Introduction: Regorafenib is an oral protein kinase inhinitor approved fot the treatment of metastatic colorecral cancer. We present a first successful case of desensitization in regorafenib-related fix-drug eruption in the literature.

Case report: A 44-year-old female patient was diagnosed with metastatic colorectal adenocarcinoma. The patient received regorafenib treatment for malignancy recurrence. The patient was admitted to adult allergy clinic with developing recurrent fix drug eruption in the second cycle, on the 10th day of regorafenib treatment. The patient was given the third cycle of regorafenib treatment with a 6-day desensitization protocol, the first day of which consisted of 6 steps and and the third cycle was successfully completed.

Management and outcome: Regorafenib-mediated delayed hypersensitivity reactions occur less frequently and and regorafenib hypersensitivity reactions are difficult to manage and experience is limited.

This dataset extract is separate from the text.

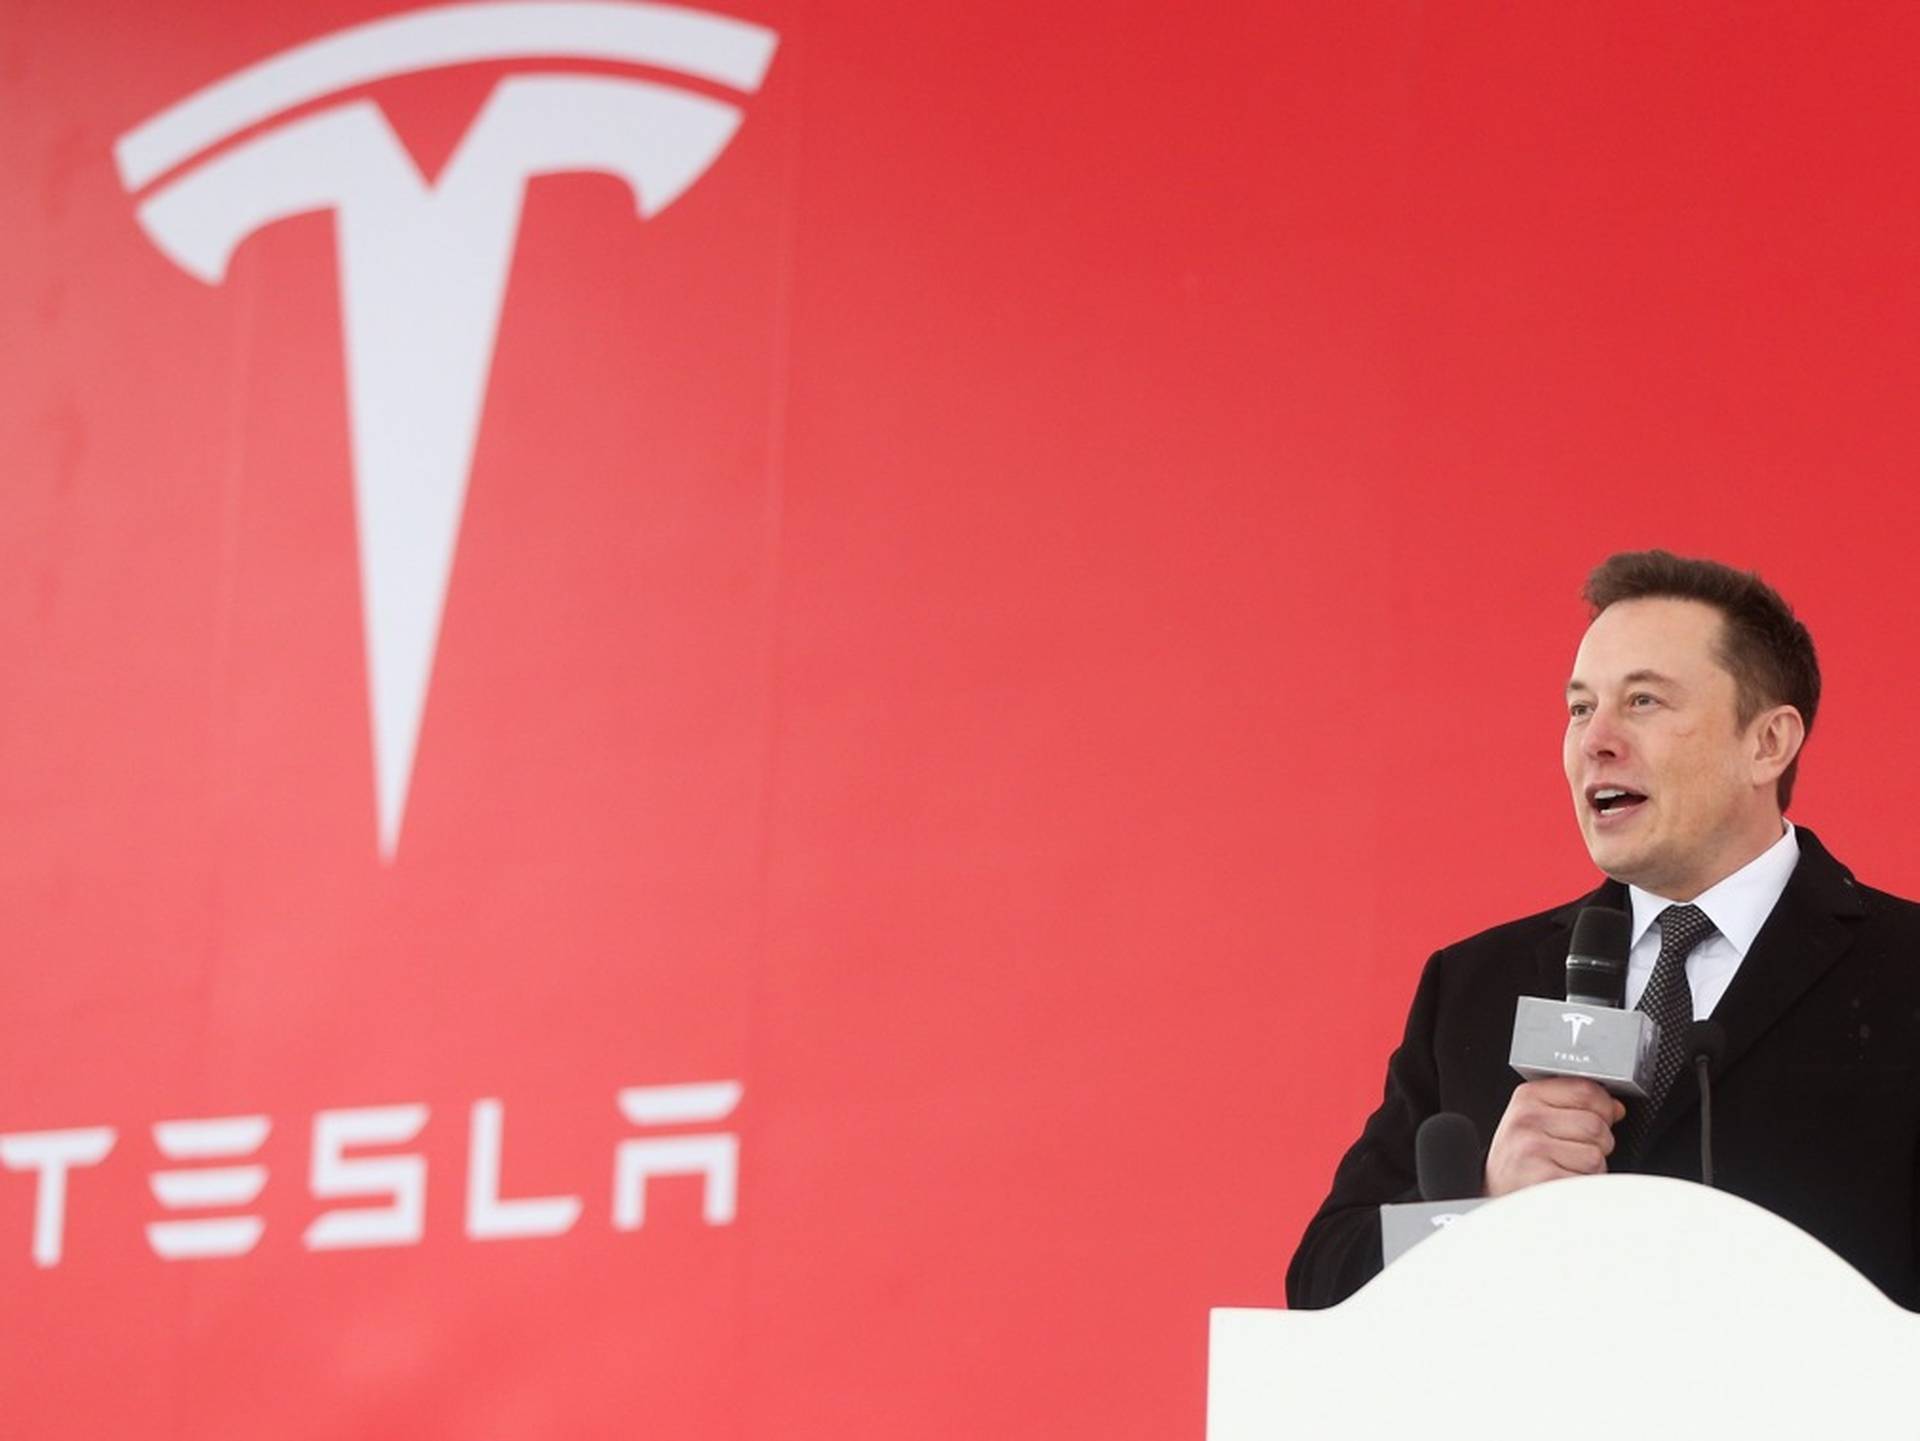 馬斯克稱Tesla將向其他電動汽車開放充電網絡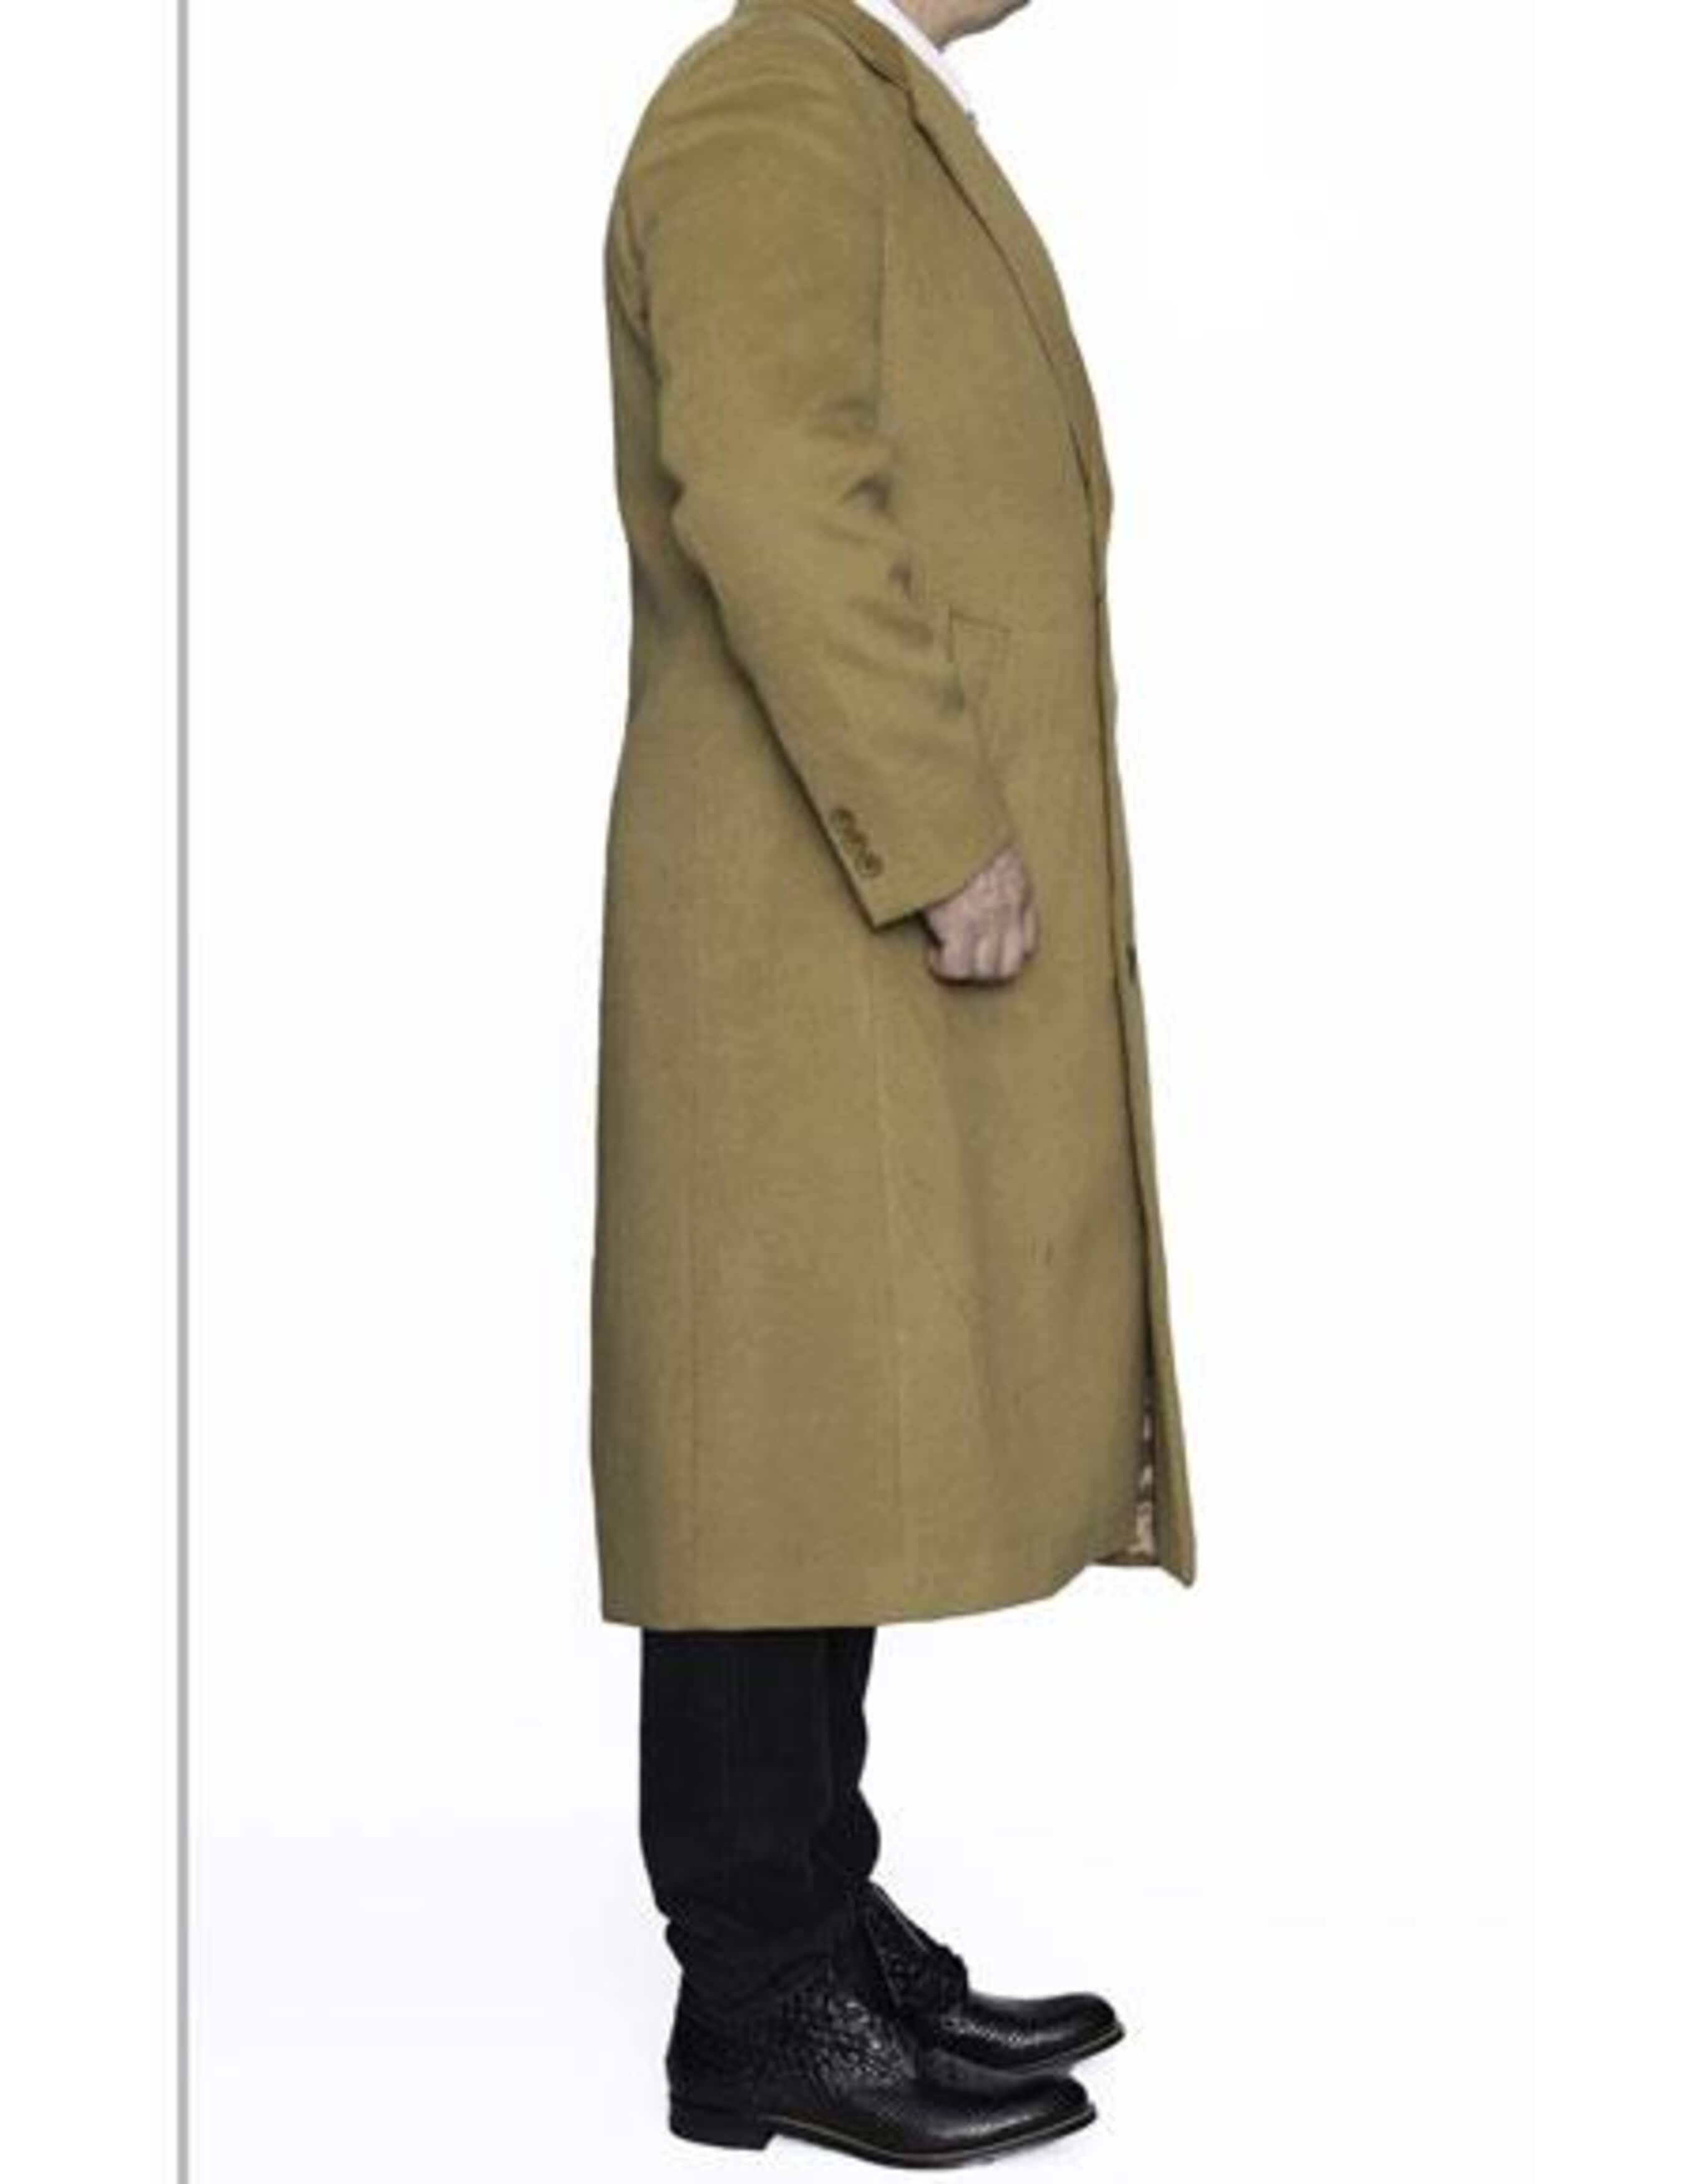 3 Button Camel Full Length Wool Dress Ankle length Top Coat/Overcoat - Mens Overcoat

This is the first successful desensitization protocol developed by us for regorafenib-related fix drug eruption and more cases are needed to be reported to confirm the desensitization protocol.

Discussion: There is only one successful regorafenib desensitization protocol for severe delayed hypersensivity reaction in the literature, but there is no protocol developed for mild type delayed hypersensivity reaction. The management of fix-drug eruption primarily involves discontinuation and avoidance of the offending drug but our patient had a mild delayed-type reaction and there was no alternative to regarofenib treatment. We developed the rapid 6-step desensitization protocol (Day 1). According to this protocol, the patient was able to continue regorafenib treatment successfully.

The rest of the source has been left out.